The hatch whined closed behind them and the lighter shook slightly.
“Going for a gentle return to spare the grav plates. Settle in for a bit,” came Bob’s voice over the comms.
“Ah great, the slow boat home,” said Simon. “At least I’m spared an hour or two’s transmutation duties!”
“You’re still useful up there, we’re just more mouths to feed!” said Jane. “All I do is burn stuff if I’m not careful. It’s like walking on eggshells all the bloody time.”
“What are we going to do about Splinter?” asked Ryn. “She’s the last of the Captains.” Fury snorted a laugh.
“Last of them is she?” he snarked. Ryn ignored their captive and looked to Kev.
“We’re passing south over the fight and I can still reach everyone down there. Sylvia was… desperate. Since we stopped dropping supplies their numbers had dwindled. It was our fault,” Kev said softly.
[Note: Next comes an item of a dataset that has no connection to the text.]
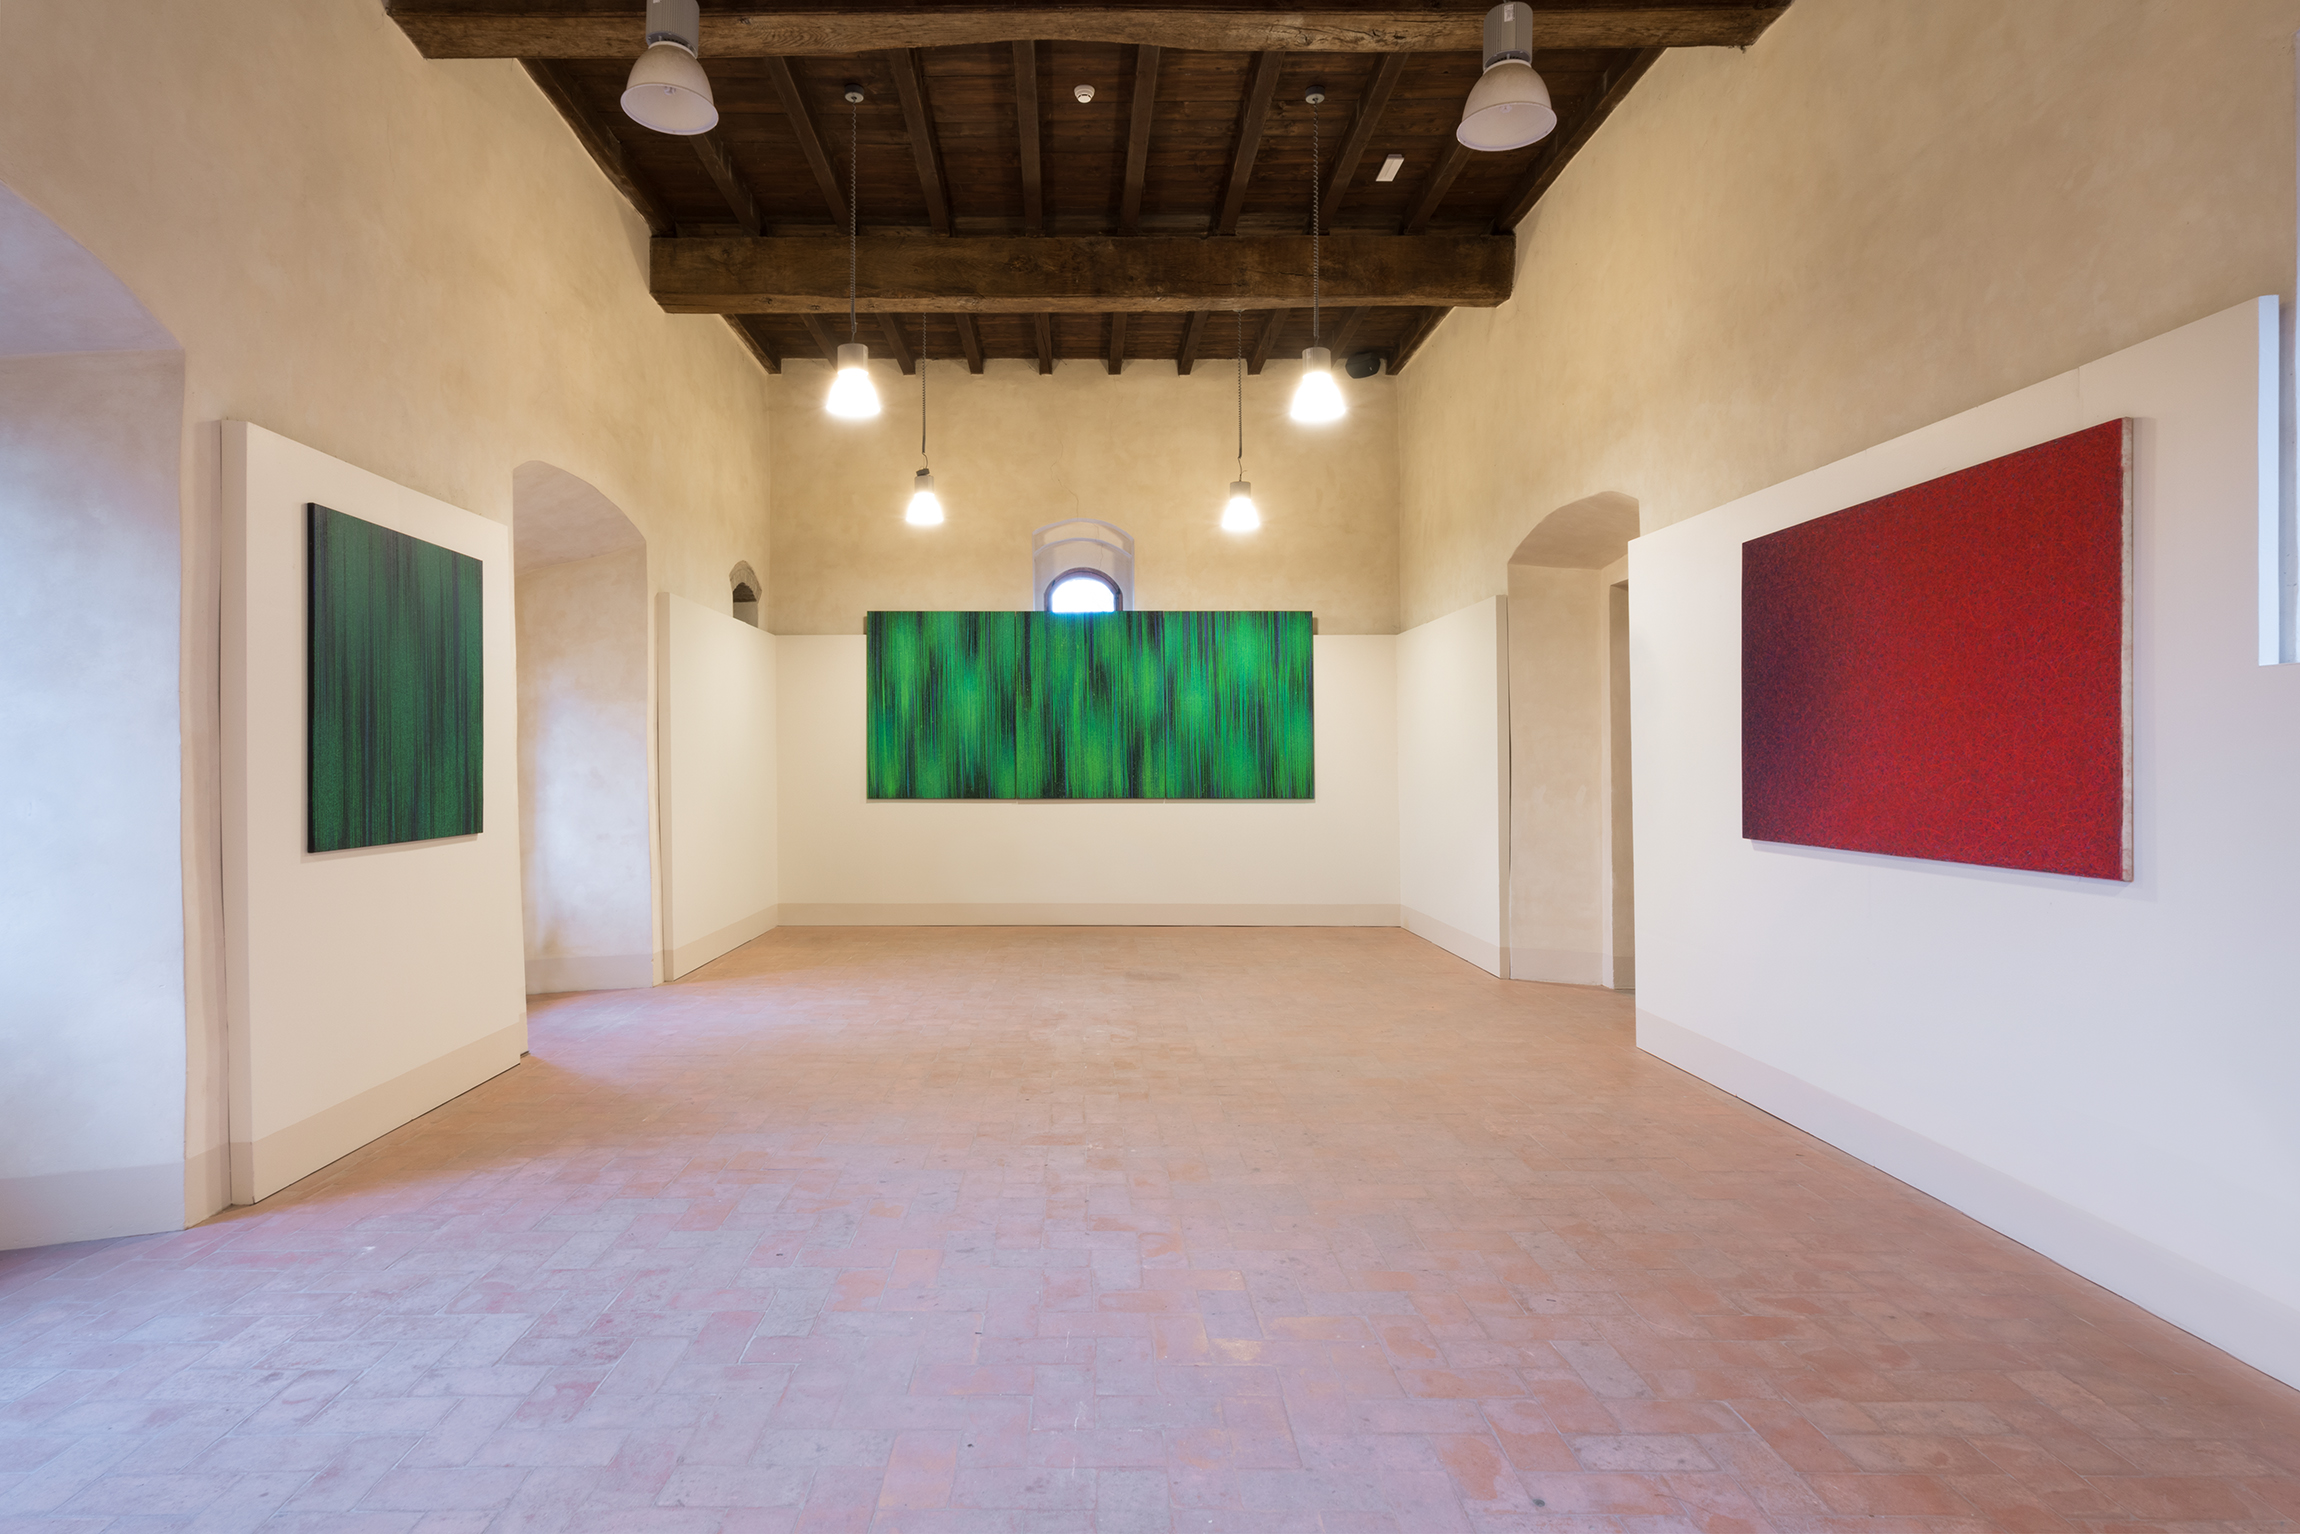 2. Luca Macauda - Ciane - vista della mostra - 2018

“We had no choice. There’s the Dragon and the Shelly’s to feed as well as tens of millions of people on Bob World,” said Bob. His earlier anger had faded and the regret was clear in his tone.
“No choice? That’s my excuse as well,” chuckled Fury. “What next, you had to cut us off and leave us to eat each other?”
“You were too dangerous,” Bob replied flatly.
Ryn tuned out the argument as everyone began to chime in with their own takes. She pulled up the forward view from the lighter and enjoyed the sight. A vast construct of gleaming metal stretched across the world like a rainbow, disappearing behind the curve of the planet in both directions. It was hard to see the ruin that had been made of Earth from this angle.
Tiny lights and patches of darkness that occluded the stars behind them signified the presence of tugs and drones going about their work. Behind it all sat the bronze nub of the Warspite, nose pointed out into space and surrounded by a halo of bots frantically cutting and welding to complete the outer hull before the deadline her dad had imposed on Bob.
The ship was vast, nearly a hundred kilometres from nose to tail, and Ryn still had no idea how it was supposed to move. Bob had been very hush hush about the propulsion system and not even Simon knew how it was meant to work despite having crafted a lot of the parts and materials.
Ryn no longer missed her family, not really. They were a fond memory from a time before the real world emerged. Her memories of abundance, food and drink and anything she had wanted seemed like a different life. Since the Revenge she’d grown used to living on less, having almost no luxuries and living on the edge of survival.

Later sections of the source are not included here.